[GIVEN RECORDS]

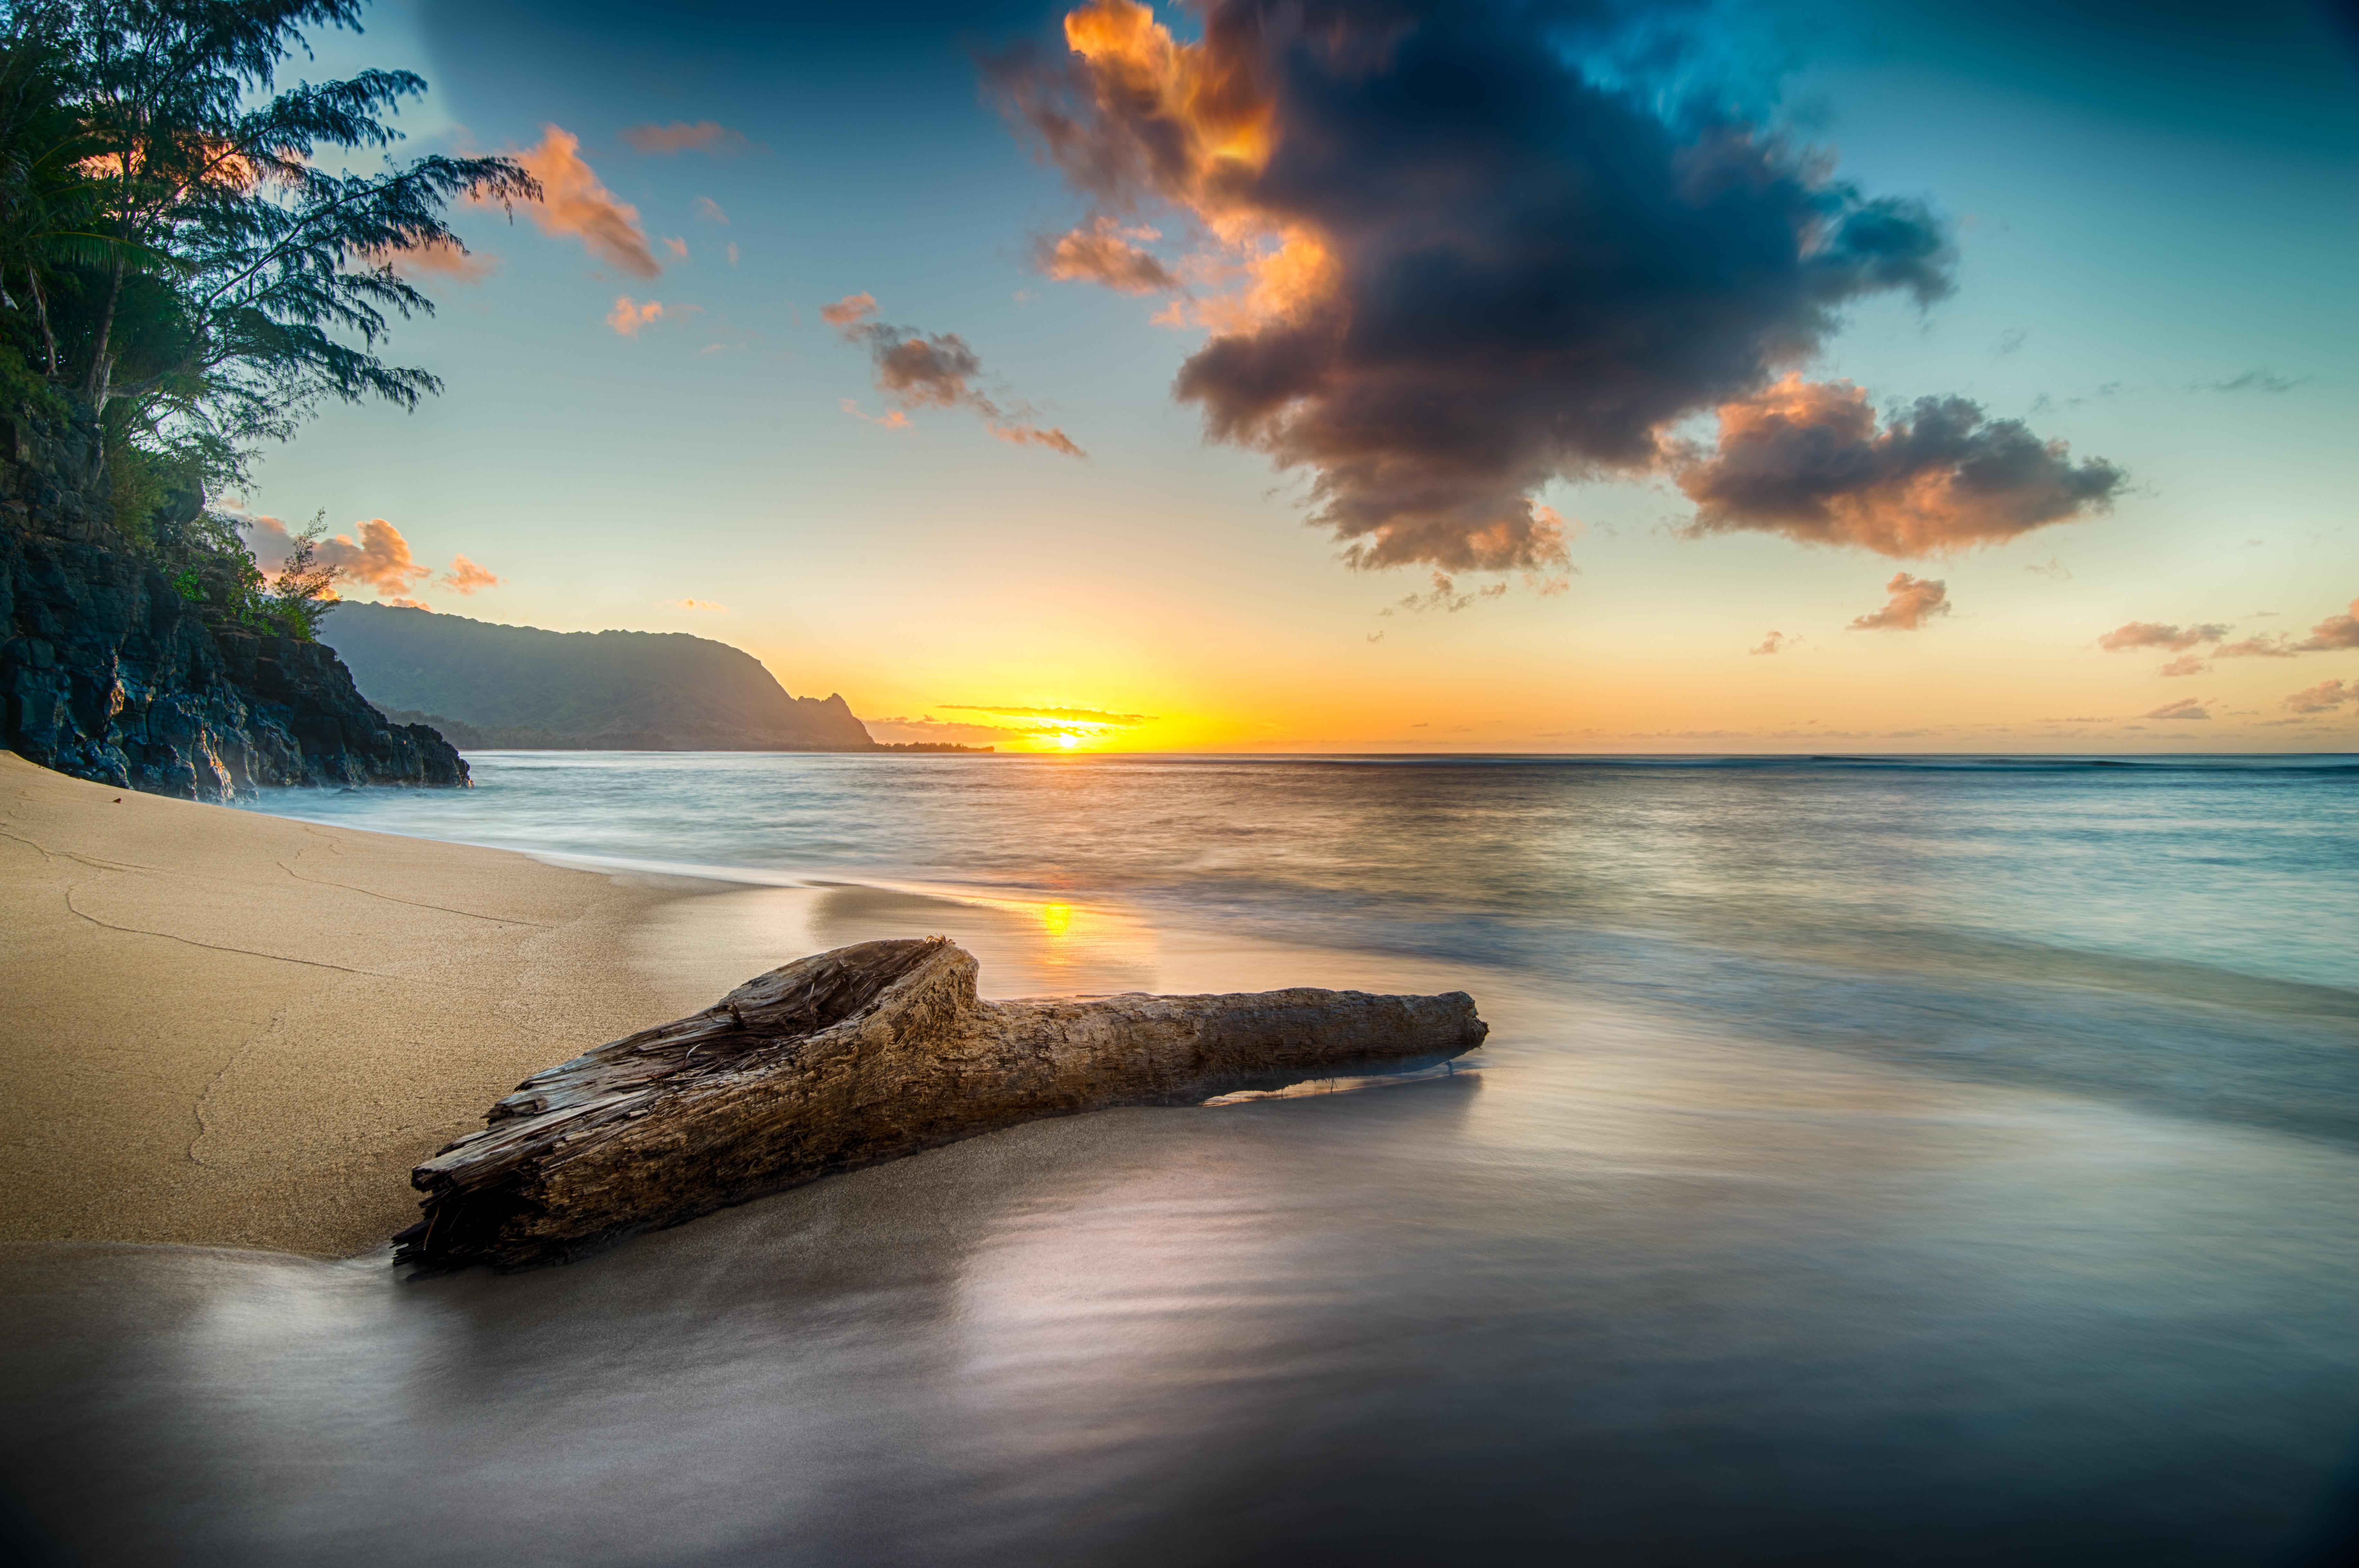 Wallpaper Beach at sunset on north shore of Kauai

[/GIVEN RECORDS]
[GIVEN RECORDS]

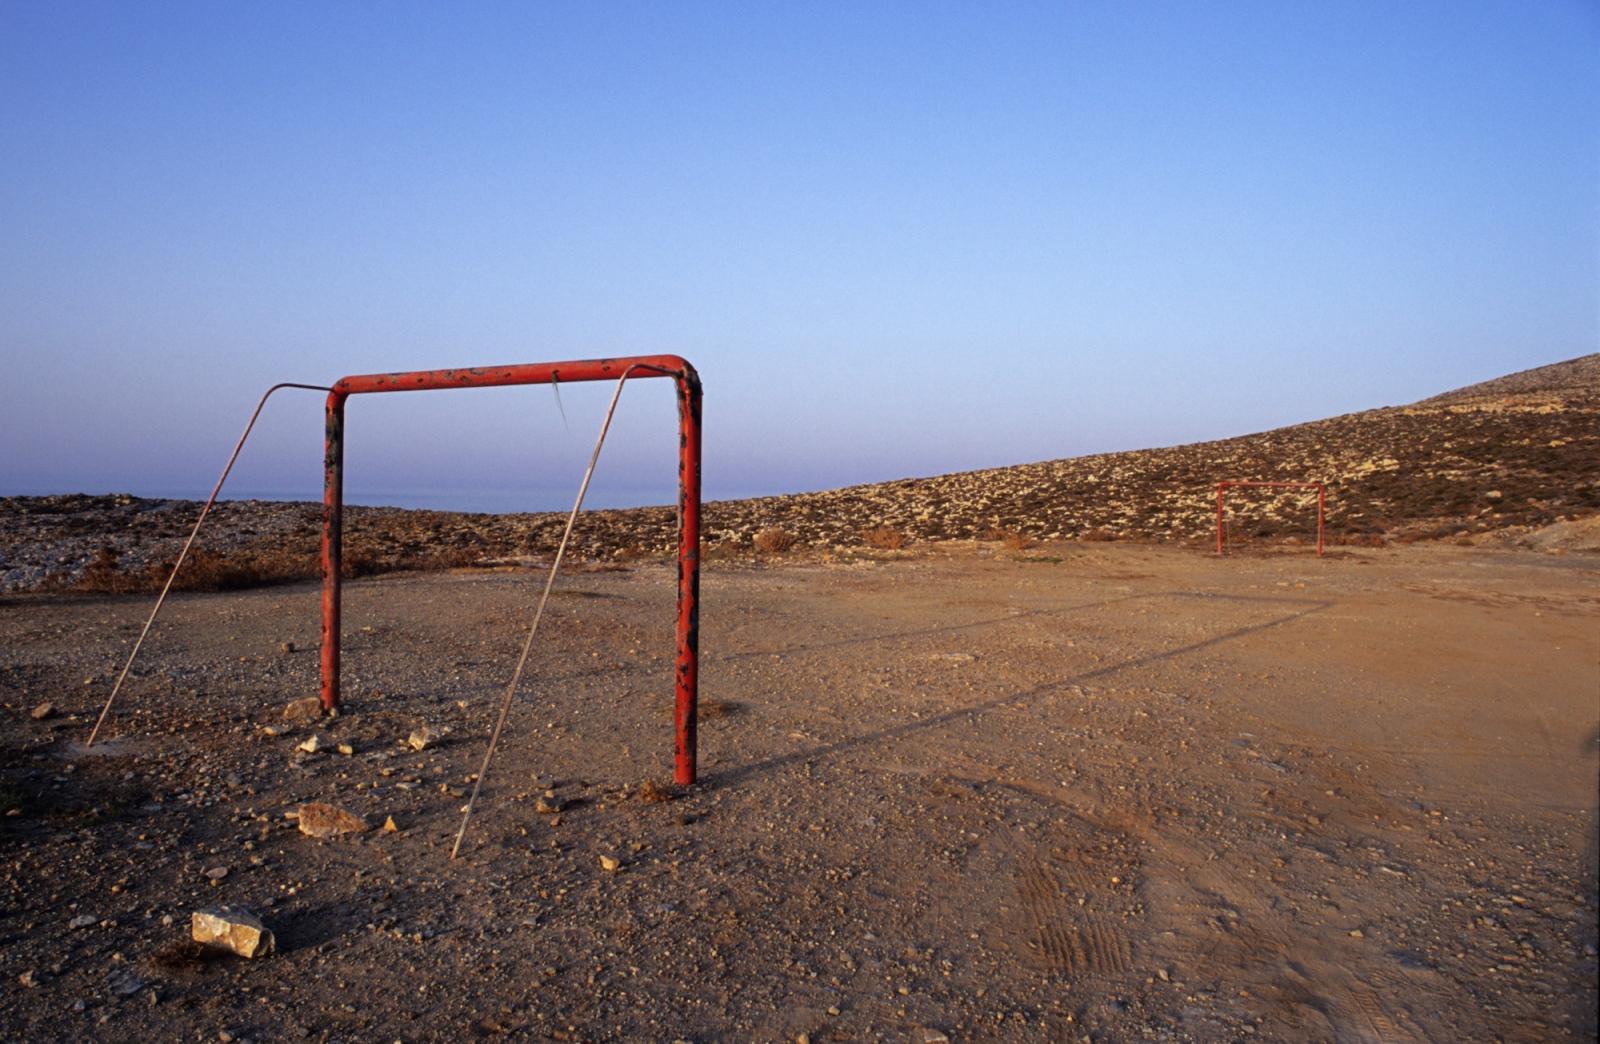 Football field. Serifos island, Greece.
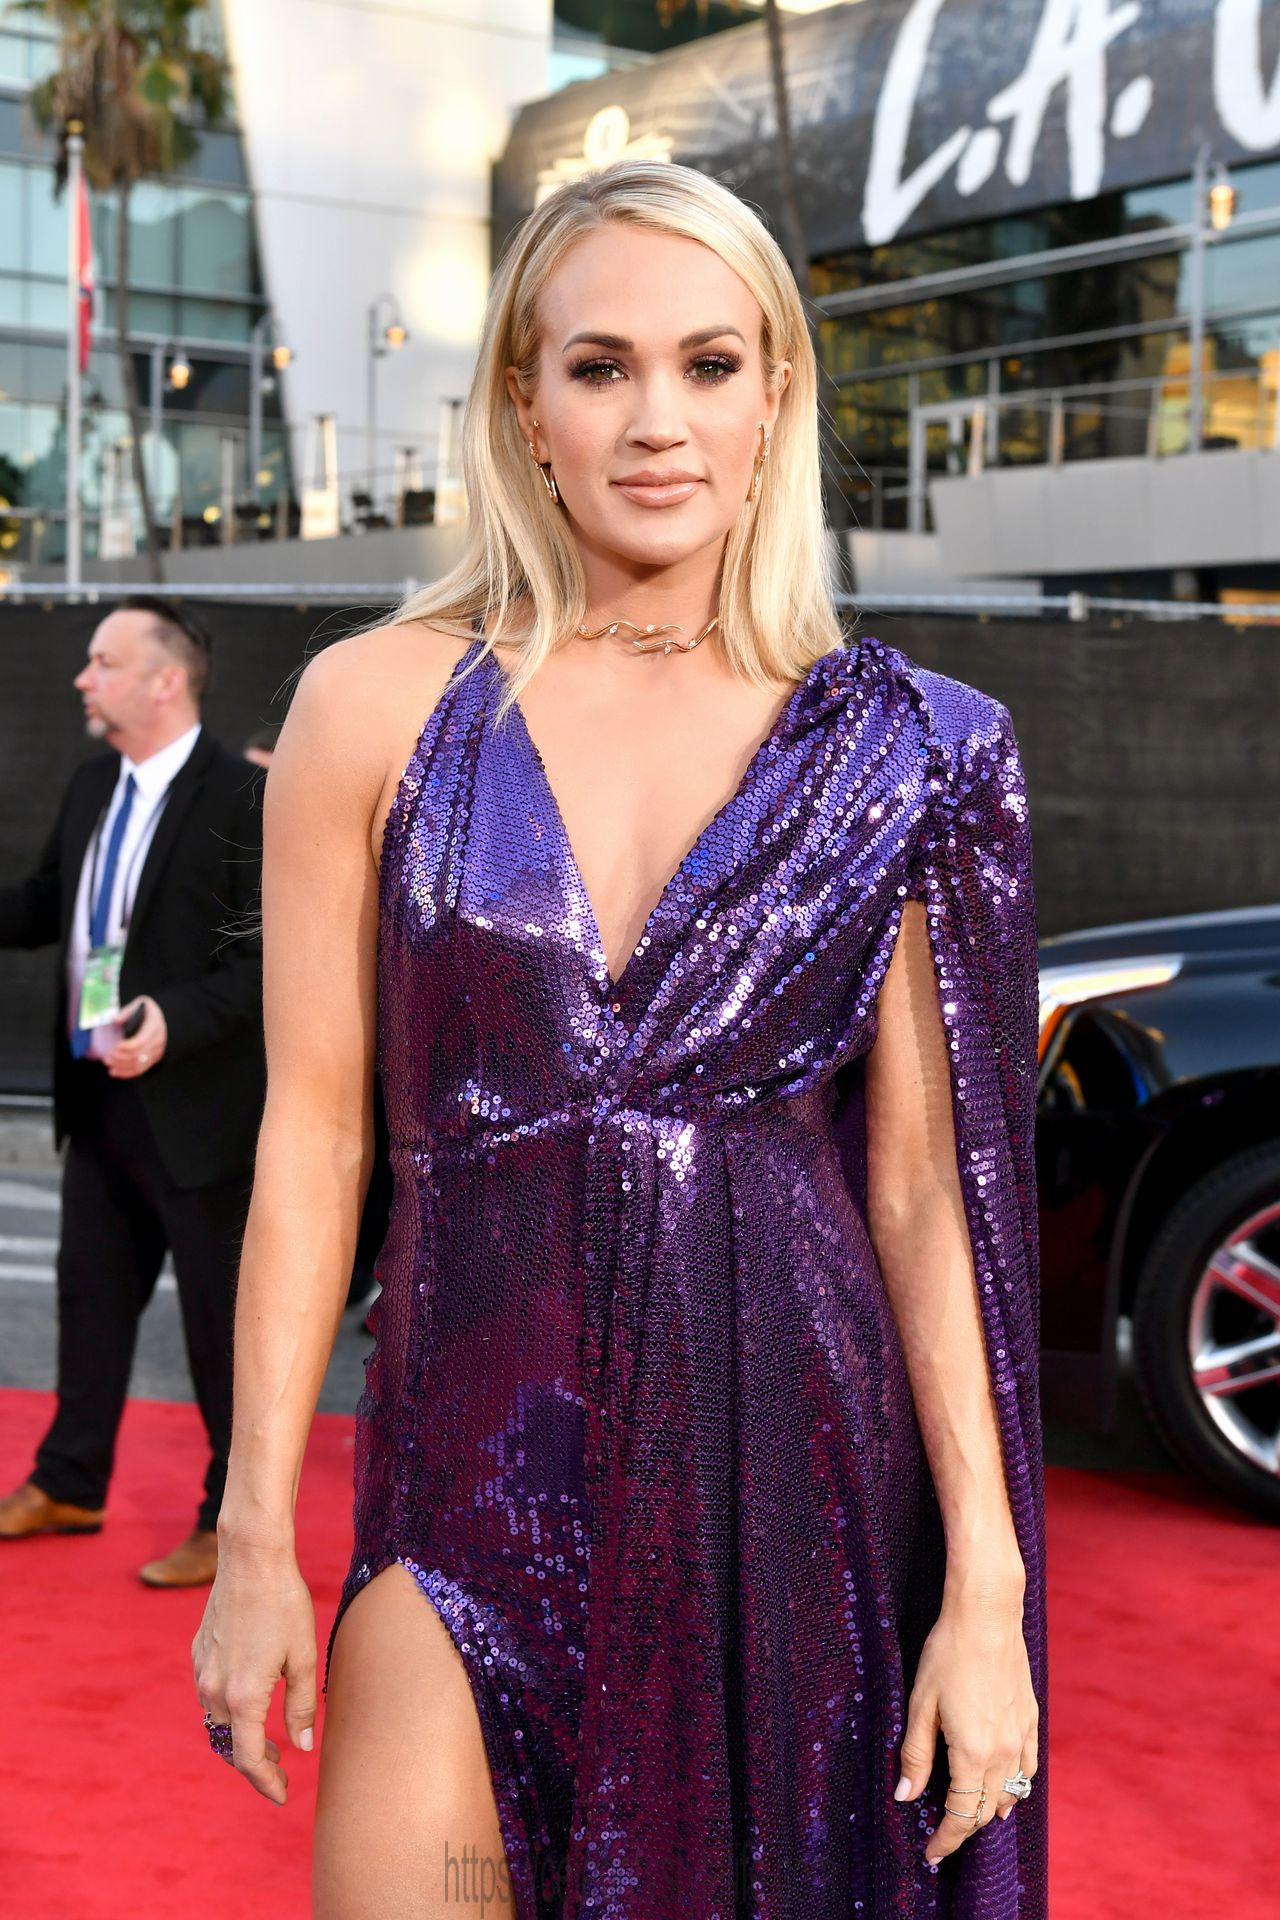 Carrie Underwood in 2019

[/GIVEN RECORDS]

_WHAT YOU NEED TO DO_
Set down again, word for word, every line from the one with "Football field. Serifos island, Greece." to the one with "Carrie Underwood in 2019" in the entries above, and omit the pictures.

_ANSWER BOX_
 Football field. Serifos island, Greece.
 Carrie Underwood in 2019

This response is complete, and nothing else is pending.